As noted previously, the Kurds being discussed in this piece are the political descendants of the PKK. The US was presumably aware of this history and the potential issues involved when it made the deal with the Kurds in northern Syria. Like Turkey (albeit on a different and lesser scale), Washington has no lasting interest in the survival of an autonomous independent and anti-capitalist district in the Middle East or anywhere else in the world. Likewise, the Rojava rebels must have understood this when they agreed to the arrangement, they made with the US forces occupying northern Syria. Like many marriages of convenience, neither party could have honestly thought it would be forever. Any organization born in struggle enters any agreement with greater powers knowing that wariness is a key element in its implementation.

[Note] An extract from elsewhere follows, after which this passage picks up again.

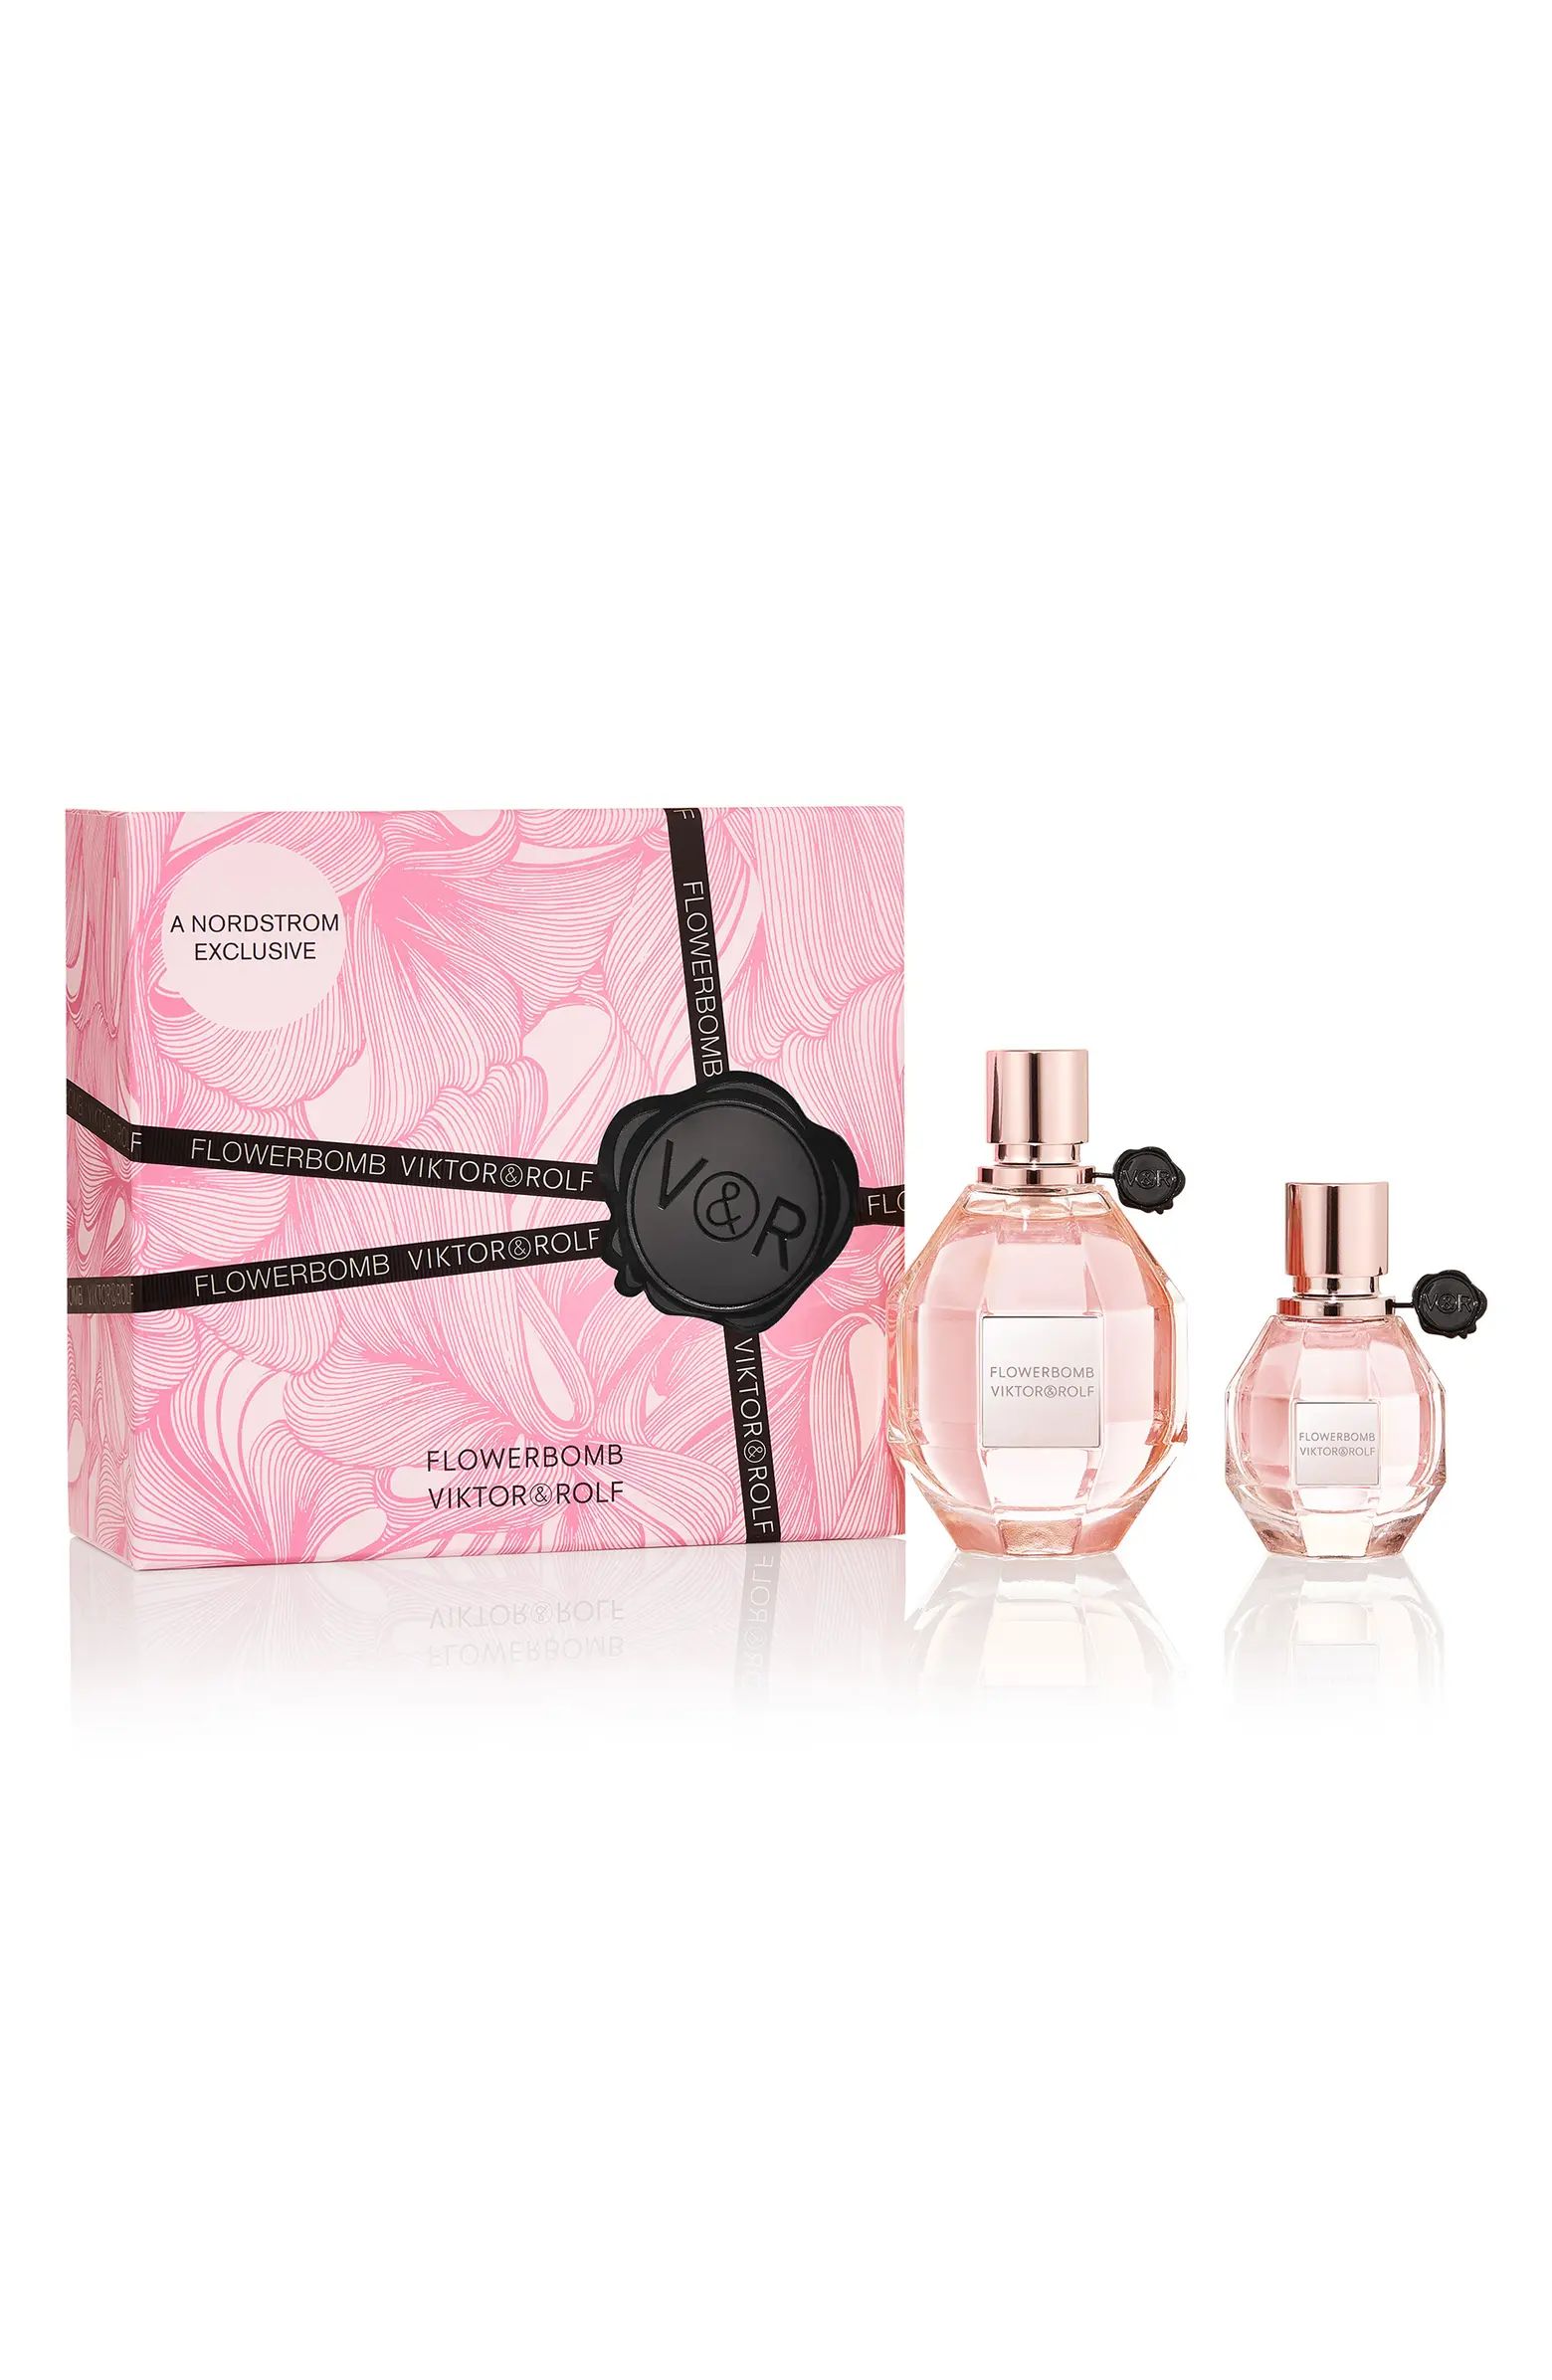 Flowerbomb Eau de Parfum Set $282 Value | Nordstrom

Given this, the projected removal of US troops from northern Syria is not the end of the Kurdish struggle. It is a betrayal, but is no different from any other betrayal in Washington’s long history of betrayal. Why do you think the line “White man speak with forked tongue” –supposedly said in relation to another broken treaty between Washington and a betrayed indigenous nation–exists? Whether or not this was ever spoken by the Native American it was attributed to, the fact that it is part of the common parlance makes it clear that Washington’s policy has always included betrayal. Furthermore, those who demand that the troops remain, demand a no-fly zone or some other type of military intervention are not only supporting US imperial policy, they are ultimately denying the Kurds their own agency and, by portraying them as victims who need US support, they are diminishing their struggle. To be blunt, it reeks of arrogance and paternalism.